Here's the situation:

I'm installing radiant floor warming in our kitchen. The subfloor is dri-core over a cement slab. The radiant floor heating cable needs to be embedded in about 1/4 inch of self-leveling cement. I've screwed the dricore panels down tight to the slab so there's no flex at all. However, I'm concerned that the self-leveling cement won't bond very well to the OSB. The cement hasn't cured yet, but it doesn't seem to stick the OSB very well.

I'm going to finish the floor with engineered wood so it not like I have to worry about a super solid base to support tiles.

I'm just wondering I'm overly concerned and should just finish the rest with primer.

Any advice or experience?

thanks,
Gord


----------



## pqglen (Jul 10, 2006)

I think you are overly concerned. I have used the self leveling with and without the primer. I use it every time I remember becuase it is recomended and seems to flow better with it down. It is not something I get to worked up about if I run out in the middle of a job. Self leveling will setup and stick to just about anything. If you check tomorow or the next day I am sure it will be bonded to your satisfaction. That stuff is a bit expensive to demo if you dont need to.

I am not from cold country (san diego ) I was wondering how the wood would hold up to the heat

pqglen


----------



## Gord Kurtenbach (Jul 11, 2006)

I think you are right. Today the cement is starting to cure and getting harder so it think it will be ok.

I did go out buy the primer for the rest of the job and its dead simple to use and my guess is that it is just acrylic, same as what gets added to mortar to make it stronger so it increases adhesion right at the surface.

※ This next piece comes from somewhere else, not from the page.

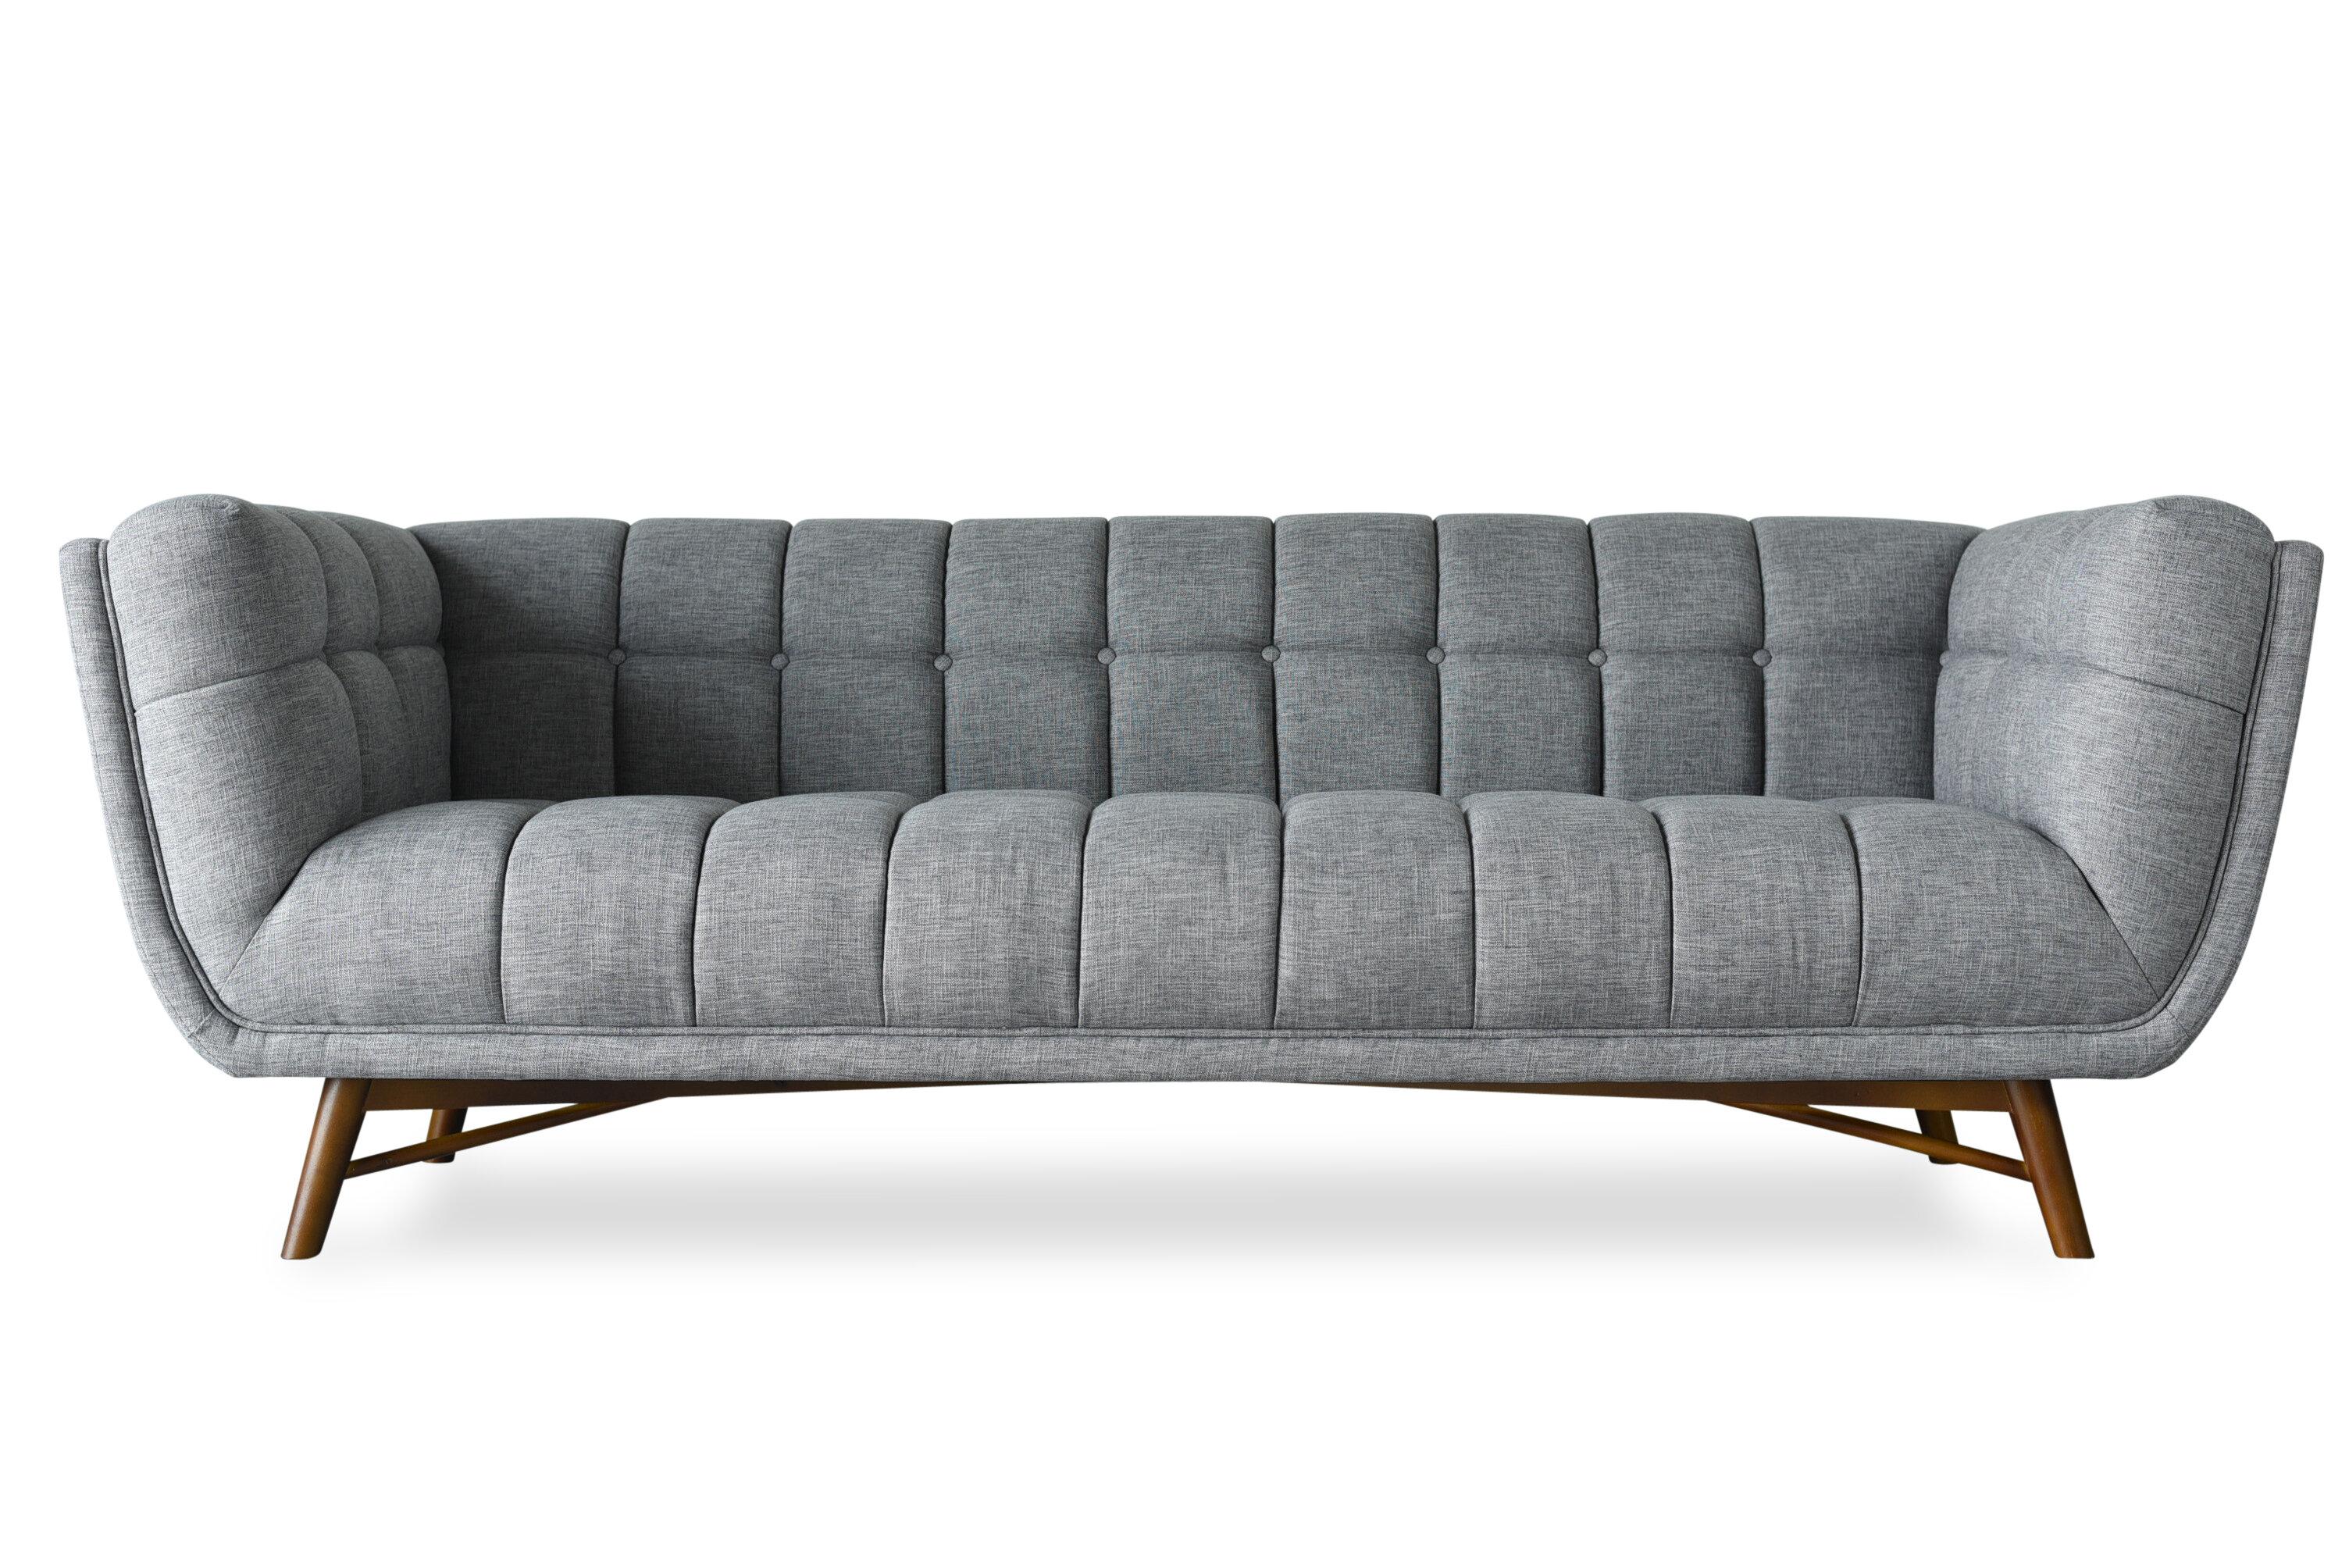 Everly Quinn Claris Mid-Century Modern Chesterfield Sofa | Wayfair
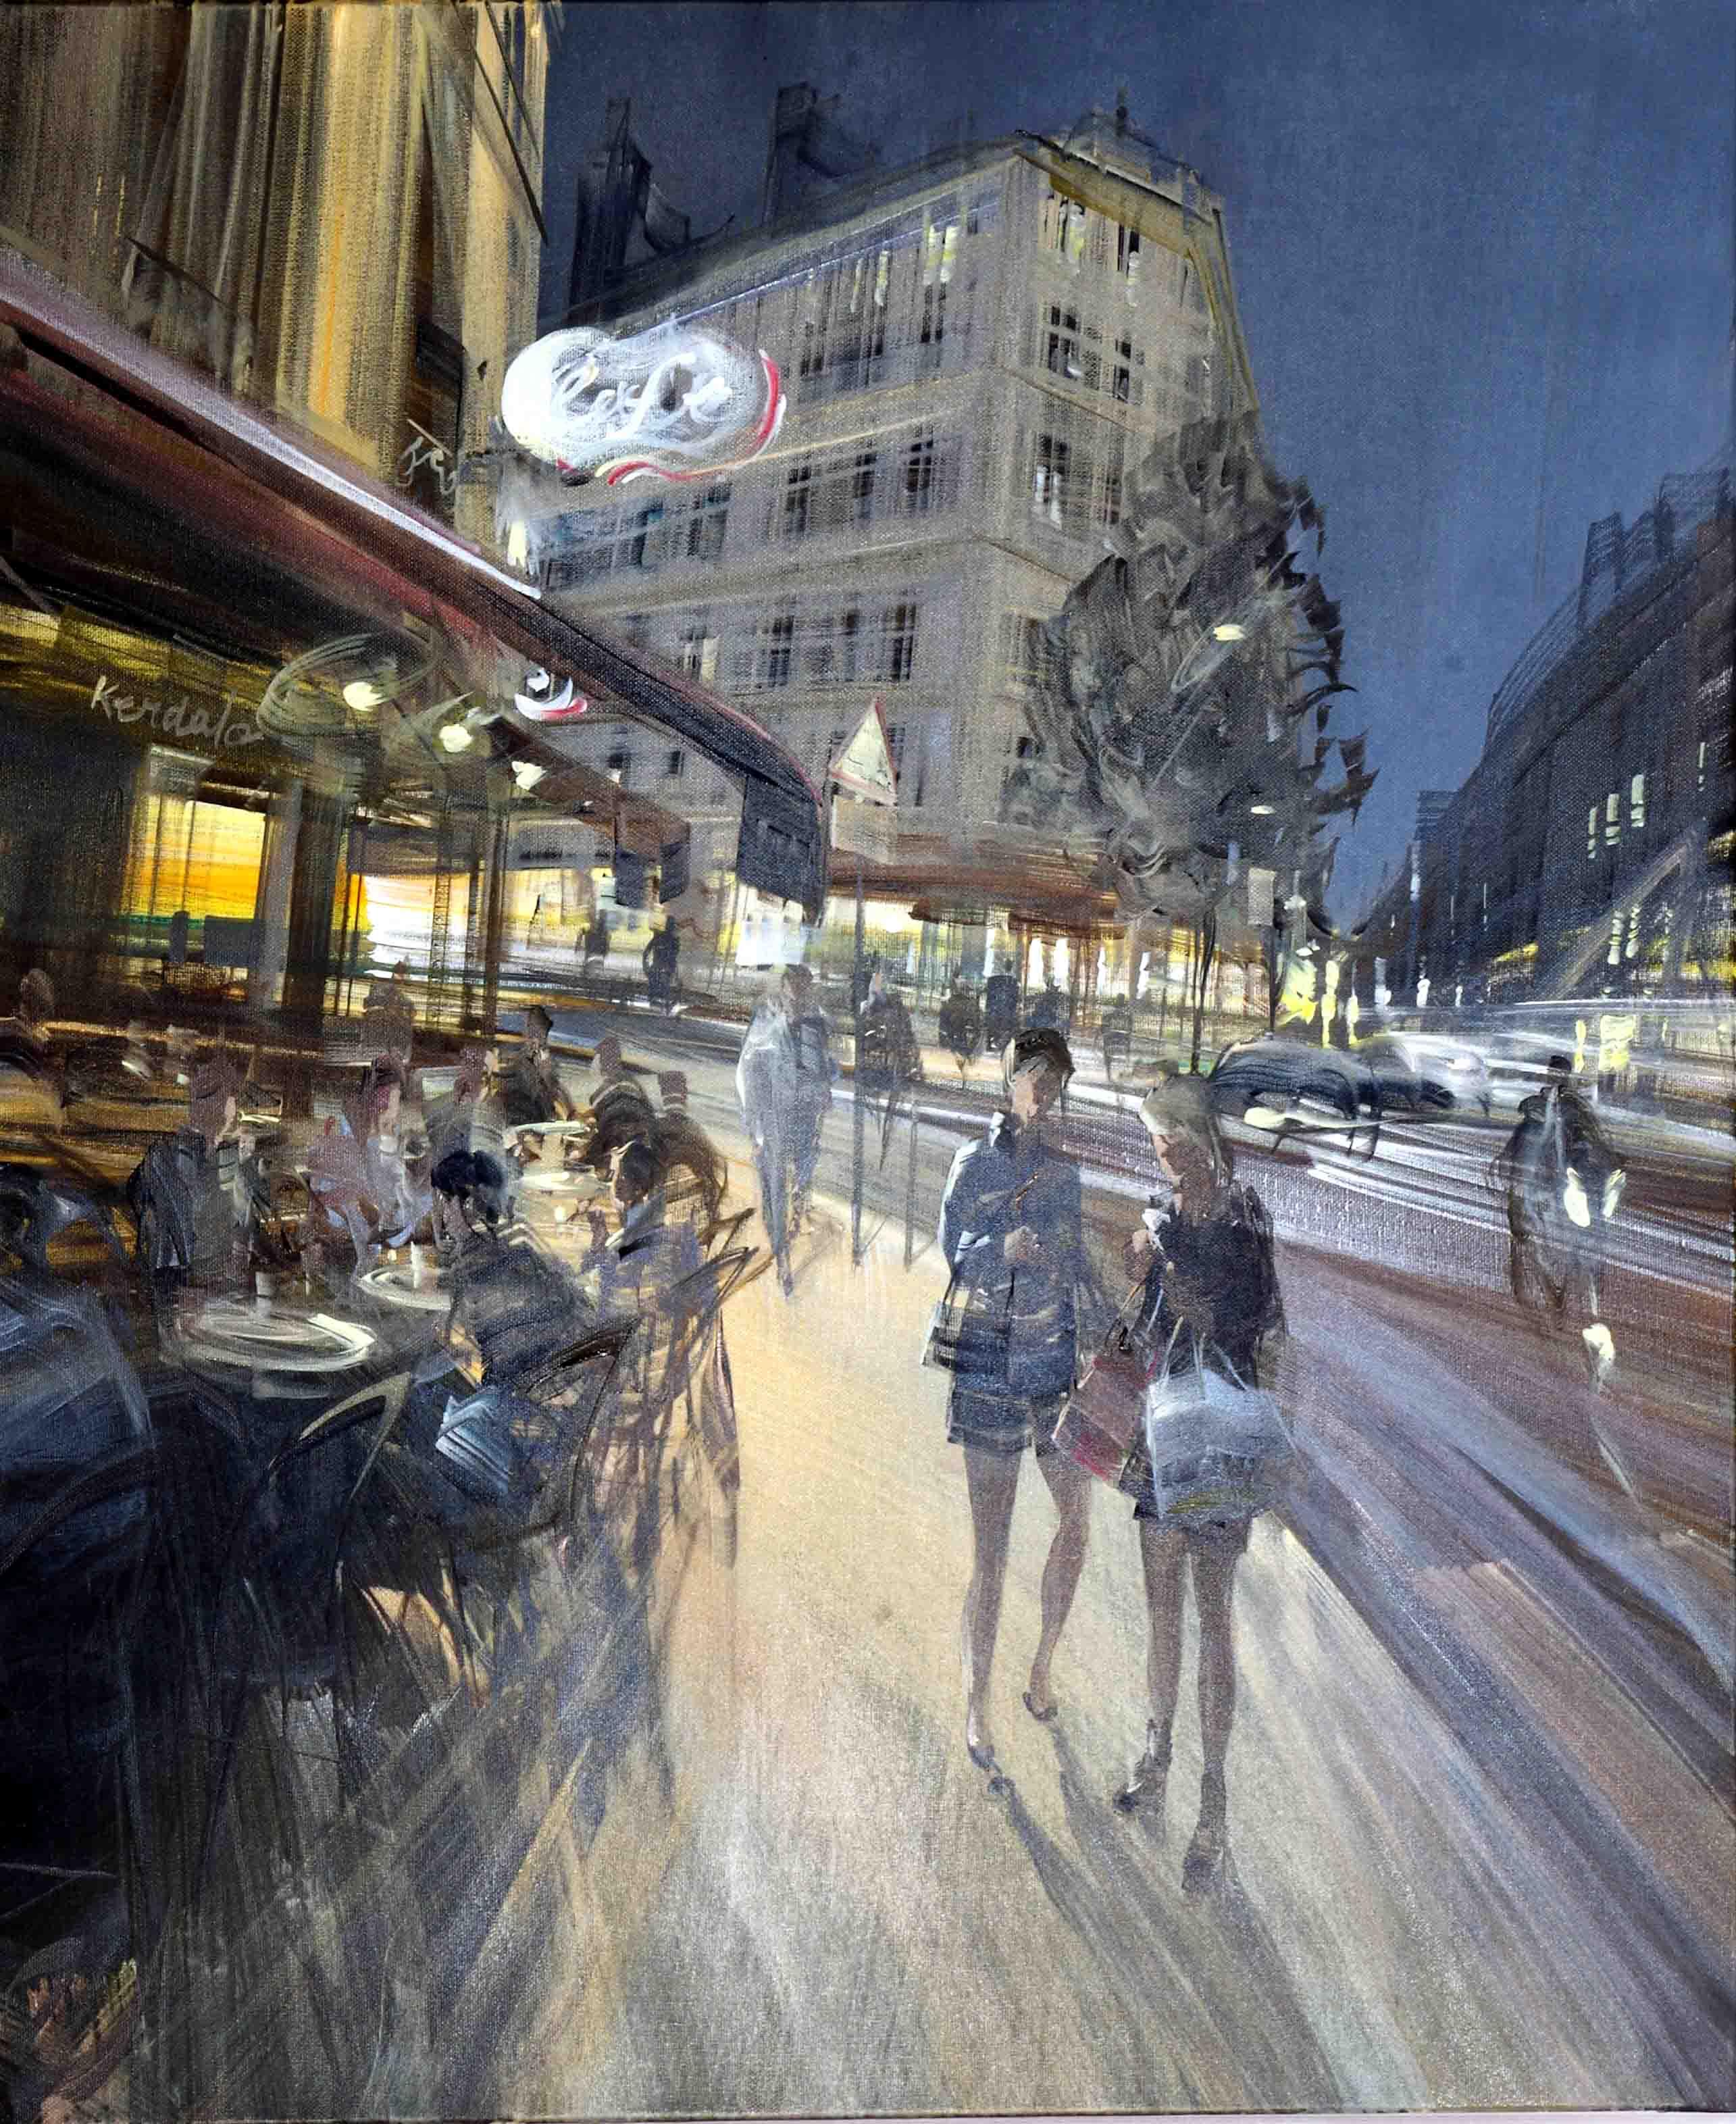 kerdalo toile peinture café de bucci paris 5eme

> I am not from cold country (san diego ) I was wondering how the wood would hold up to the heat

A few years ago most radiant heating suppliers were saying "tile only" but recently both the heating and flooring suppliers say engineered wood floors are okay over radiant flooring. Floor warming system are pretty low power, for example, 15 watts per square foot so you can imagine that the 15 watt light bulb wouldn't be a lot of heat to put to a piece of wood, especially multiply wood flooring.

Also, I'm not *heating* the room with the floor system, it also has forced air. The radiant floor system is just to keep the draft off of the floor: one whole wall is a glass solarium so while its very well insulated glass its cools the surface of floor on wicked cold days. The solarium company recommended radiant floor warming as being a very nice to have with this arrangement.

thanks for the advice.

Gord


----------



## Square Eye (Jul 11, 2006)

If you keep it at a fairly steady temperature, you shouldn't notice any problems.


----------